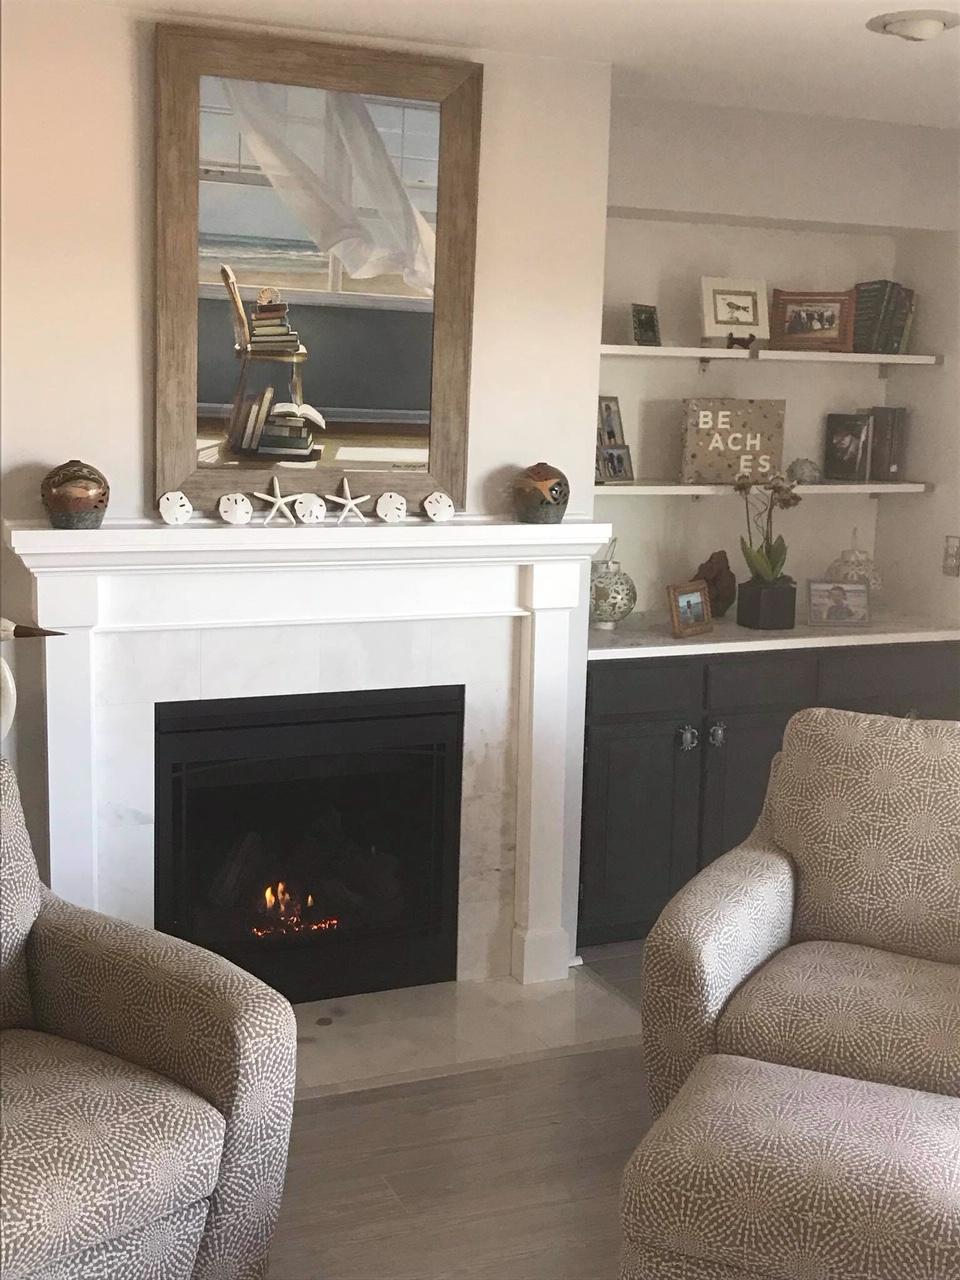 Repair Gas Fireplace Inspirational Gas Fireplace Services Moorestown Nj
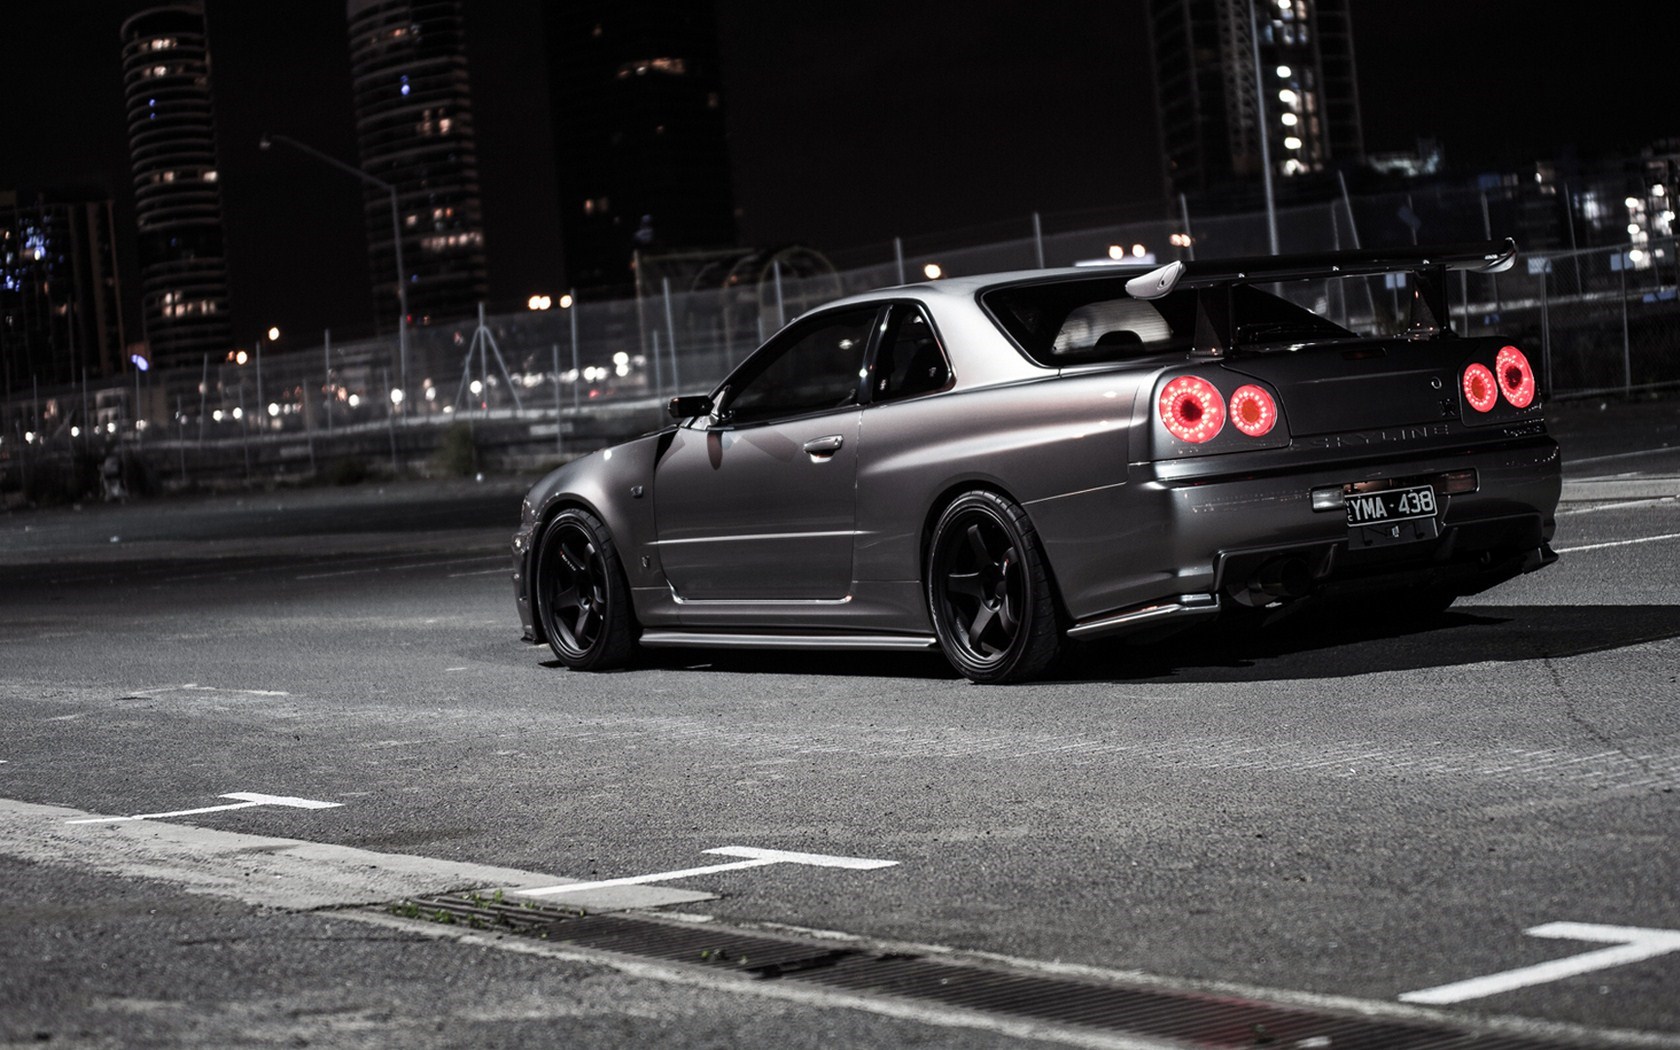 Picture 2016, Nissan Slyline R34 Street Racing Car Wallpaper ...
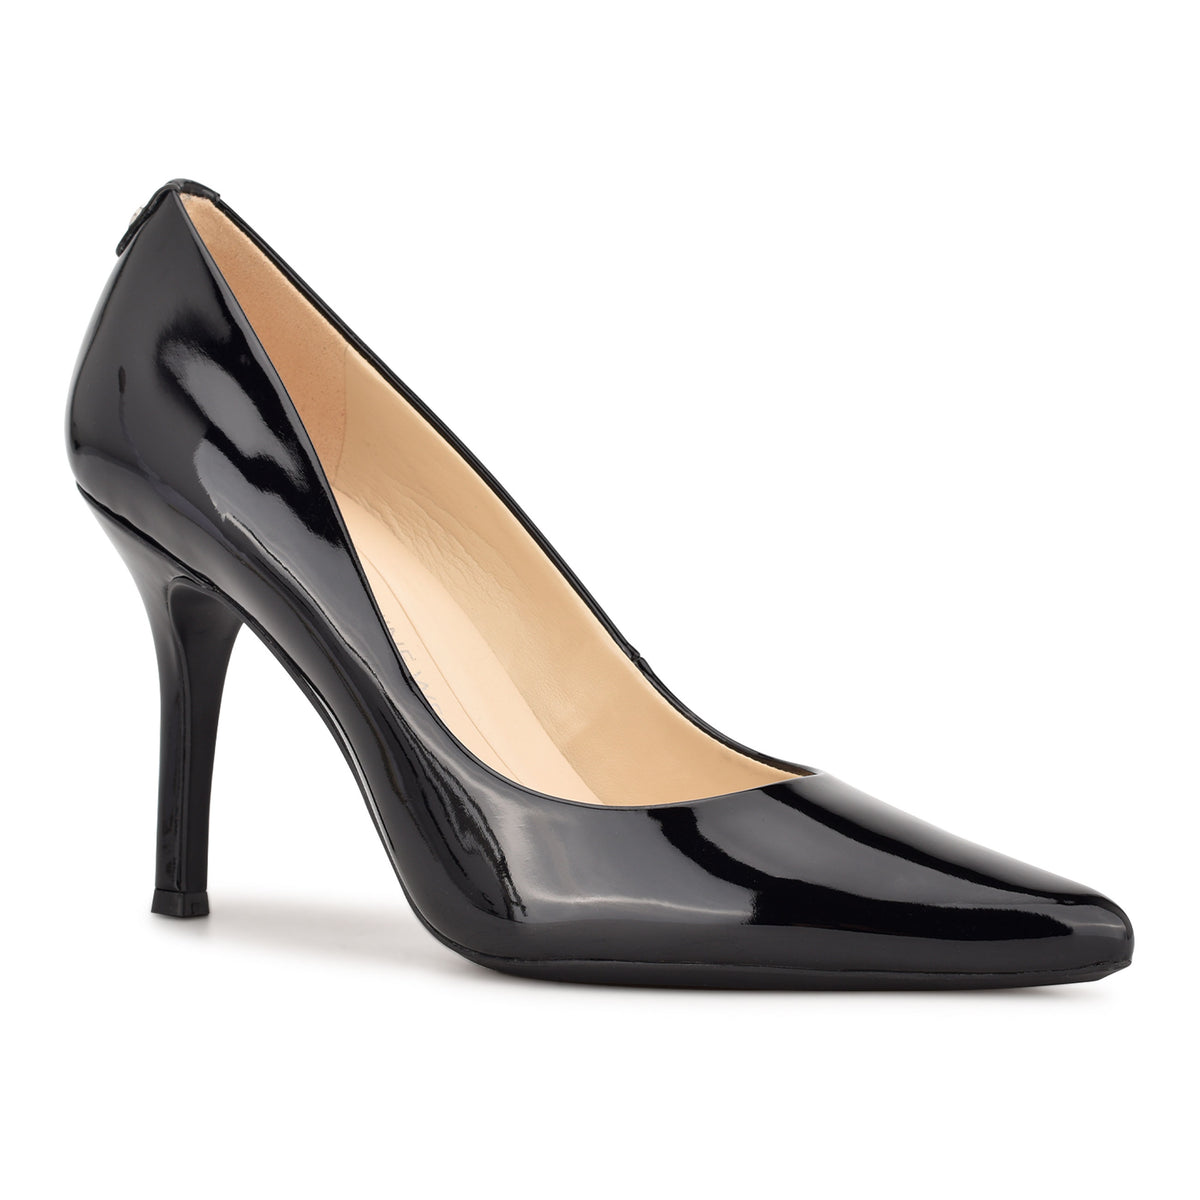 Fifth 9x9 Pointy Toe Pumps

• [TASK]
Retype all of the data above word for word, excluding the pictures.

• [SOLUTION TO THE PROBLEM]
 Repair Gas Fireplace Inspirational Gas Fireplace Services Moorestown Nj
 Picture 2016, Nissan Slyline R34 Street Racing Car Wallpaper ...
 Fifth 9x9 Pointy Toe Pumps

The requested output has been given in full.